The tool runs entirely locally on your machine. Nothing is uploaded. Be aware, however, that your `.ged` file likely contains personal information about living people; do not commit your real GEDCOM to a public repository or create issues or provide feedback to this repository with any personal data.

## Windows security

You may get a warning from Windows Defender that this is an unrecognized app from an unknown publisher. You can run the application by clicking first on "more info" and then "run anyway." It should only ask the first time you execute the software.

![Windows
Screenshot](https://raw.githubusercontent.com/ajkessel/gedcom-dna-finder/main/docs/screenshots/windows-security.png)

## MacOS security

If you install from the [Mac App Store](https://apps.apple.com/app/gedcom-dna-finder/id6765485580), this application should just work out of the box. If you are downloading the application from here and not running from the source code, you will have to tell the operating system manually to trust the program. As of 29 April 2026, I am testing a new build process that should only require one click to approve after downloading--just select "open" when presented with the box below the first time you run a new version of the application.

![Mac
Screenshot](https://raw.githubusercontent.com/ajkessel/gedcom-dna-finder/main/docs/screenshots/downloaded-from-internet.png)

### Old instructions

The instructions below apply to older versions of this application and hopefully are no longer necessary.
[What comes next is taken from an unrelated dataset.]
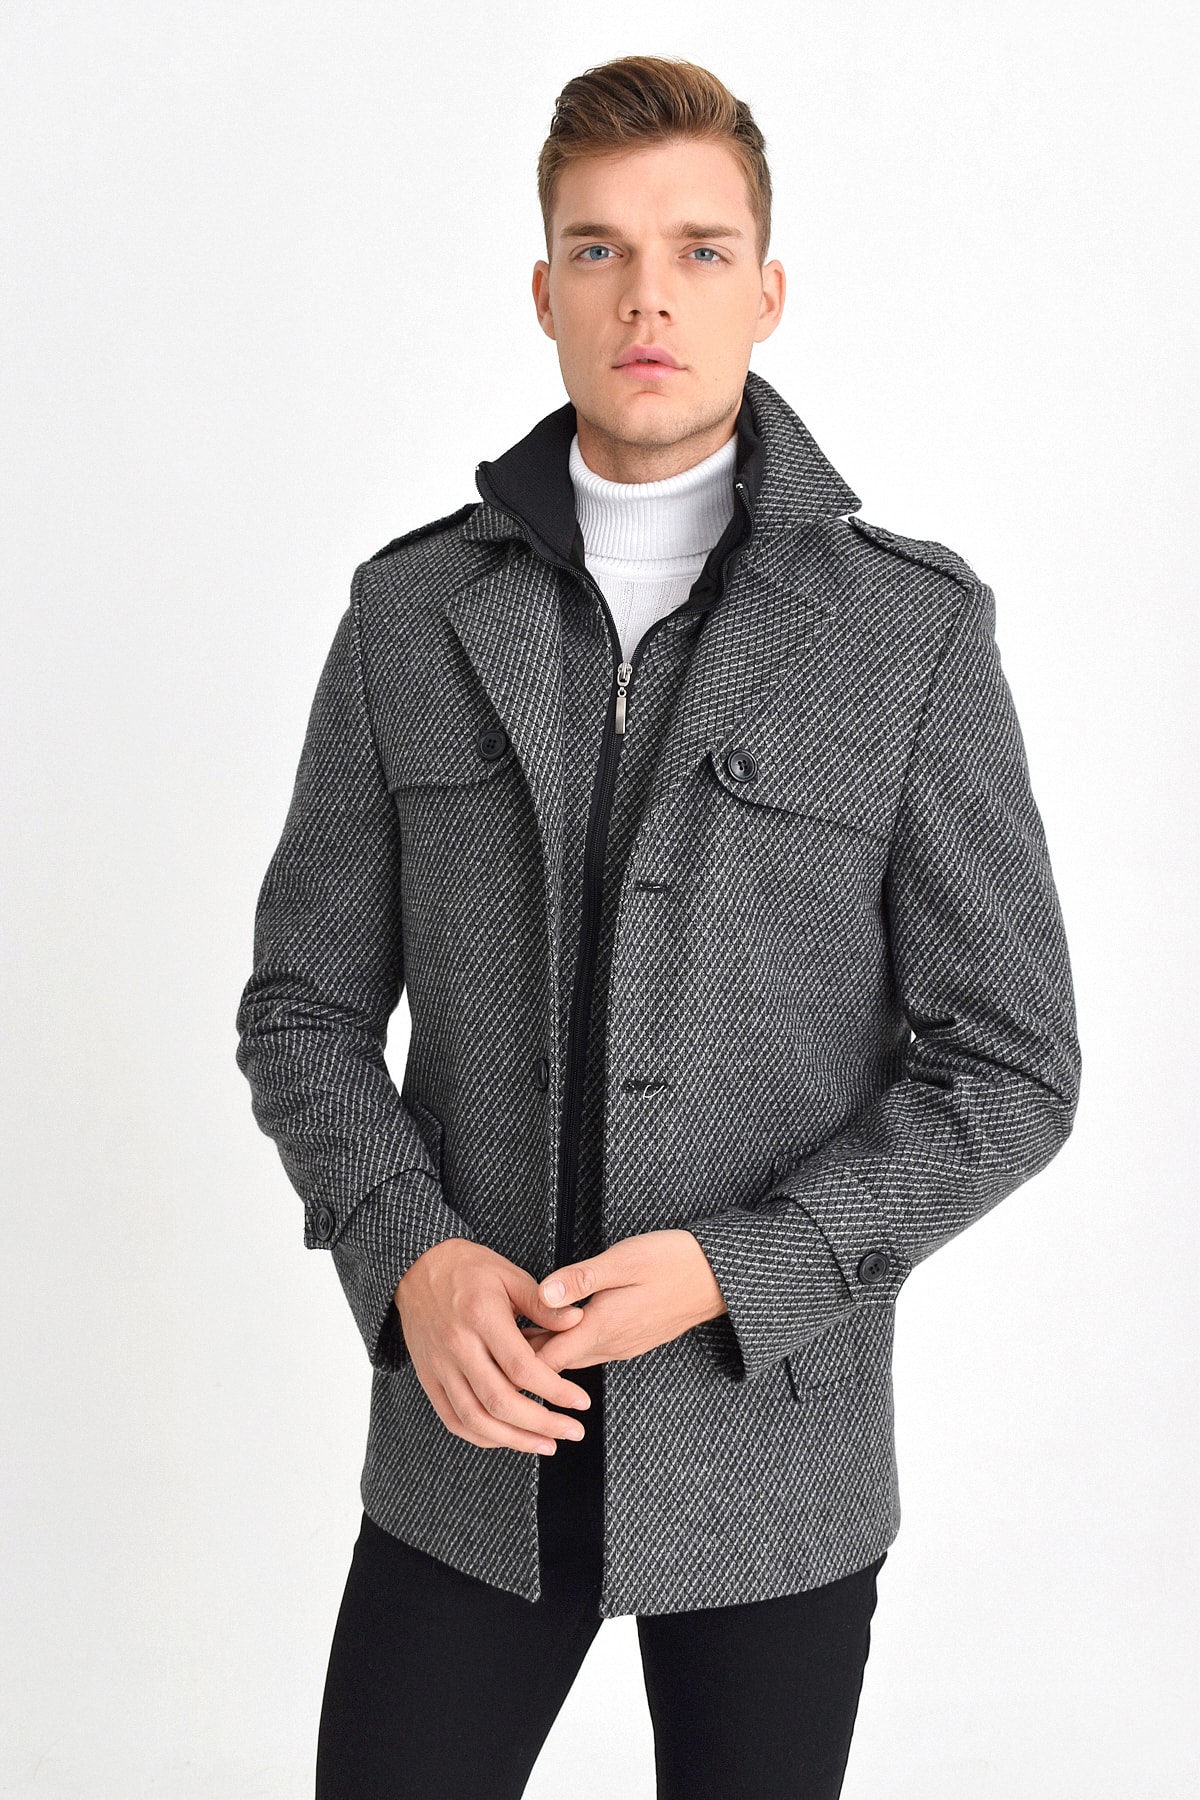 DYNAMO Mantel Grau Zweireihig Fast ausverkauft

1. Attempt to open the app (it will fail).
2. Open System Settings > Privacy & Security.
3. Scroll down to the "Security" section.
4. Click "Open Anyway" next to the notification about the blocked app. You will likely need to enter the username and password of an administrator user on the device to approve the application.
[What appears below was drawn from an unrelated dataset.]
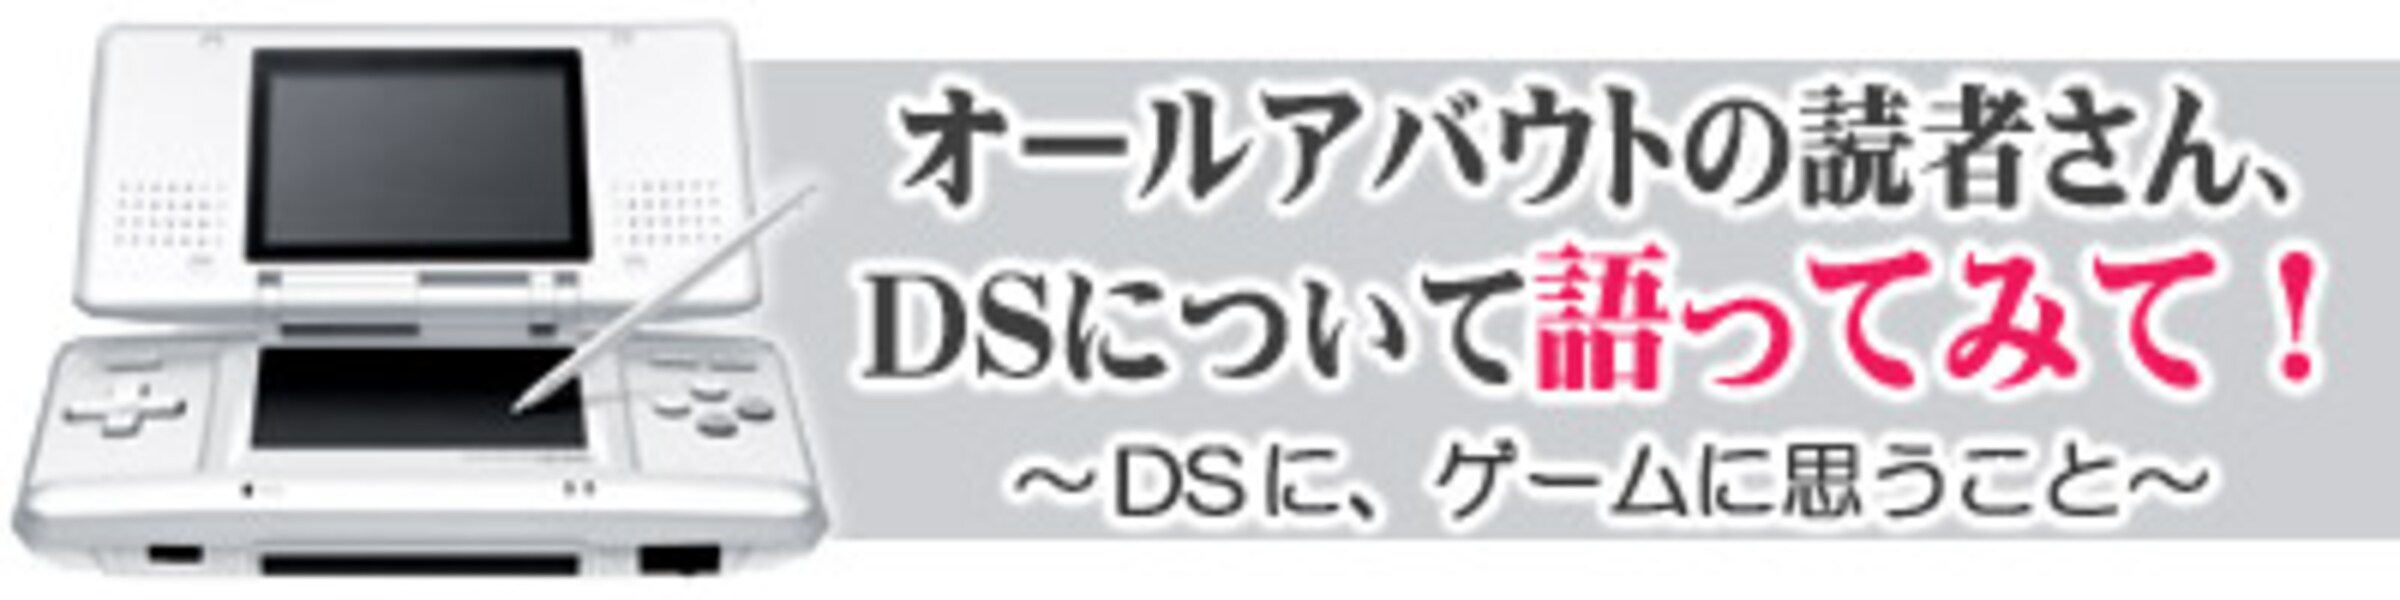 2/3 “遊び手”が語るニンテンドーDS [ニンテンドーDS・3DS] All About

If you follow these steps and are seeing an error along the lines of "This file is damaged and can't be opened" it is typically because a false positive from your security settings. This can be fixed by opening the Terminal application (via Applications->Utilities or Spotlight search), typing `xattr -cr ` (with a space after `cr`) and then dragging and dropping the application ito the Terminal window and hitting enter. This will remove the "quarantine" setting on the application and allow you to run it again.

![MacOS
Screenshot](https://raw.githubusercontent.com/ajkessel/gedcom-dna-finder/main/docs/screenshots/open_anyway.png)


## License

This project is released under the BSD 2-Clause License. See the [`LICENSE`](LICENSE.md) file for the full text.

## Recent changes

See [`CHANGELOG`](CHANGELOG.md).

## Contributing

Bug reports, feature suggestions, and pull requests are welcome. If you encounter a GEDCOM file whose tag format is not recognized, please open an issue and include the relevant excerpt (with personal names redacted) so the parser can be extended.